» **EXERCISE BRIEF**:
Return all the data verbatim but without images.

» **GIVEN DATA**:
== == ==

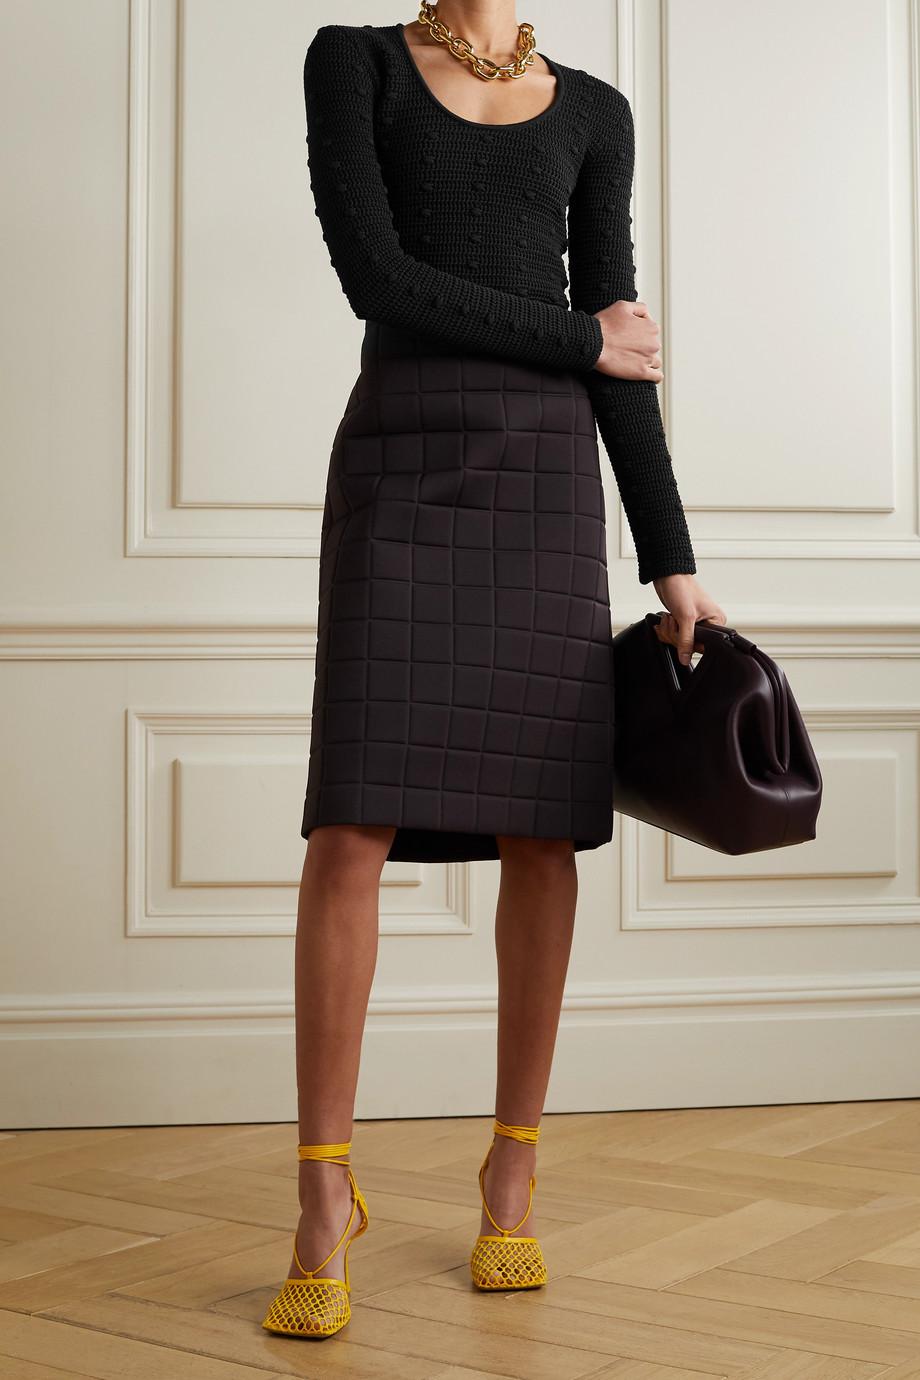 Bottega Veneta Gehäkelter Pullover aus Baumwolle
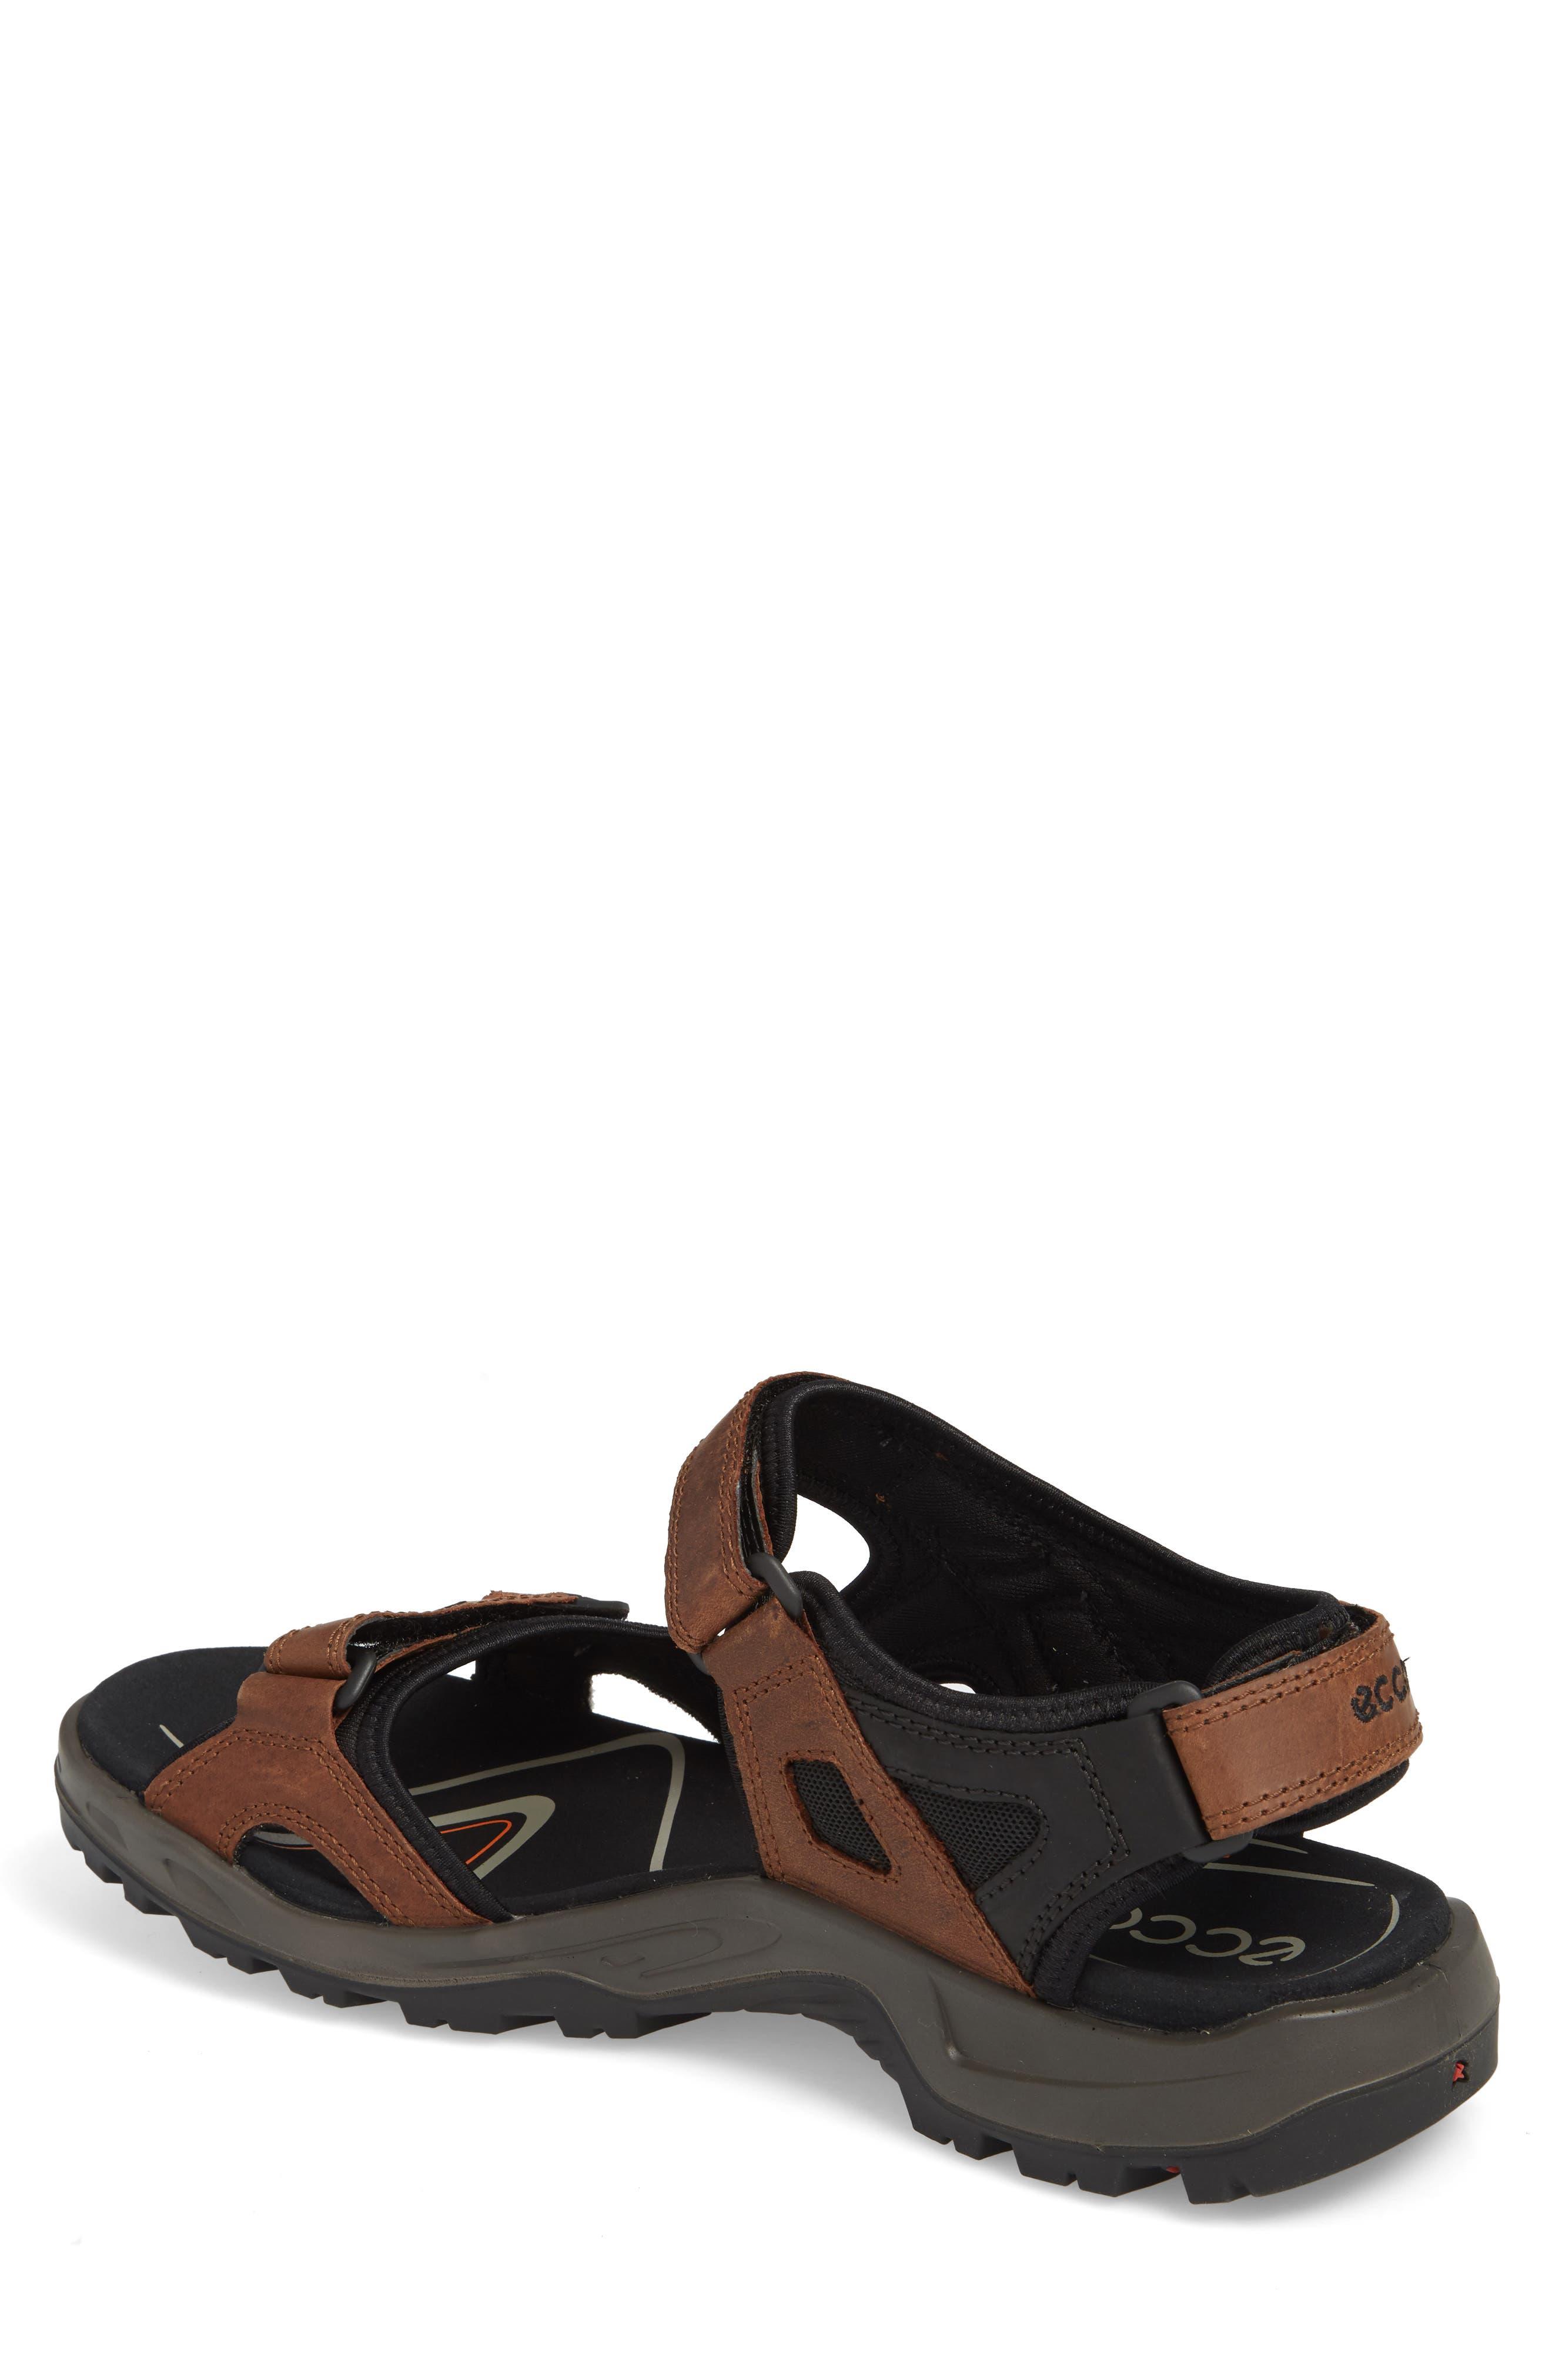 'Yucatan' Sandal,                             Alternate thumbnail 3, color,                             BROWN/BLACK
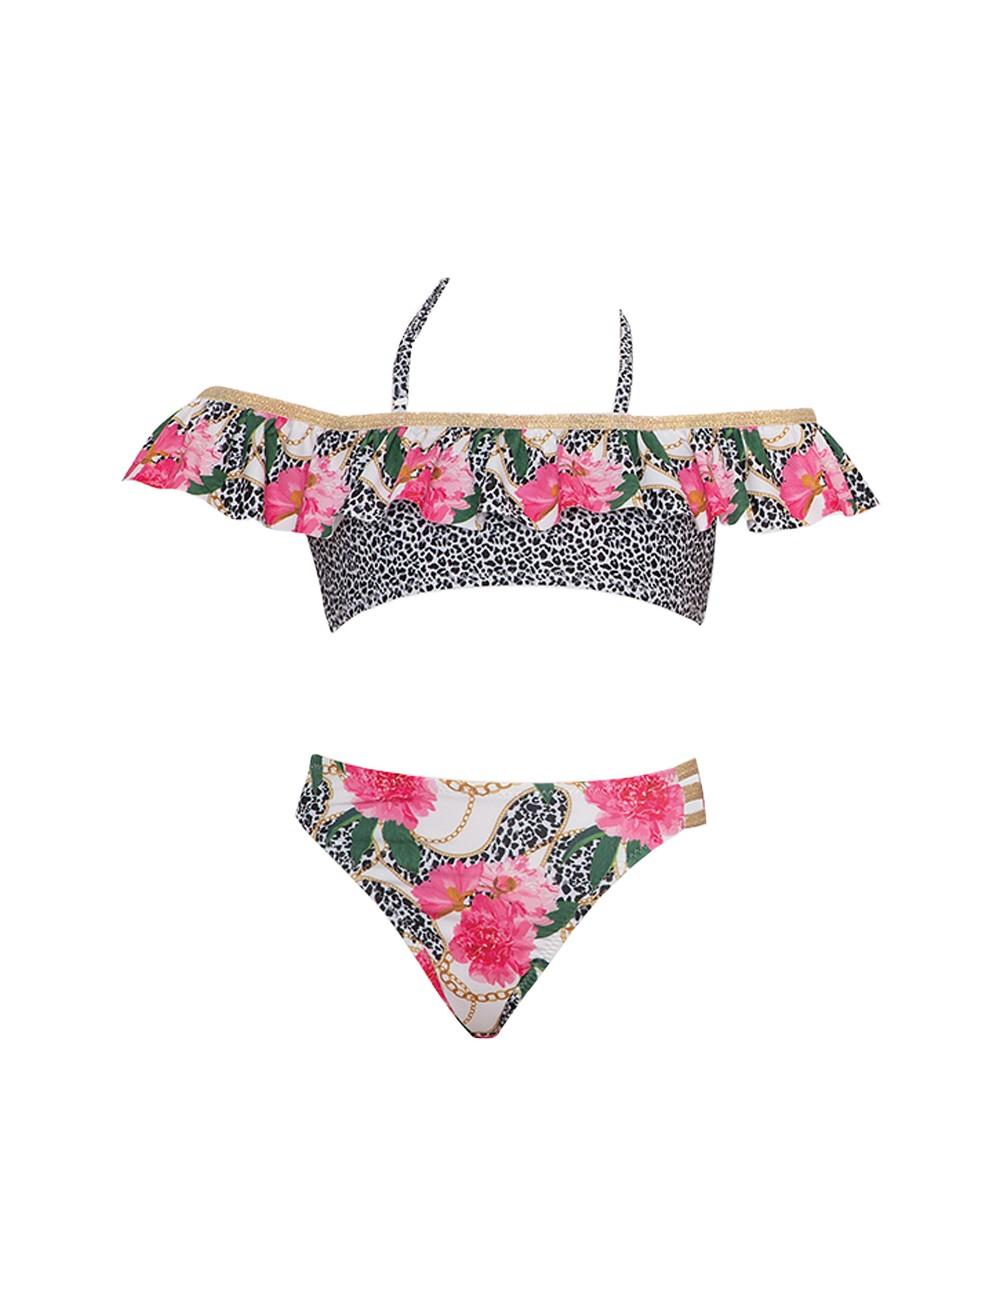 Tortue Παιδικό/ Εφηβικό Μαγιό Strapless Bikini S1-034-126 Lamoda.gr

== == ==

» **WRITTEN SOLUTION**:
 Bottega Veneta Gehäkelter Pullover aus Baumwolle
 'Yucatan' Sandal,                             Alternate thumbnail 3, color,                             BROWN/BLACK
 Tortue Παιδικό/ Εφηβικό Μαγιό Strapless Bikini S1-034-126 Lamoda.gr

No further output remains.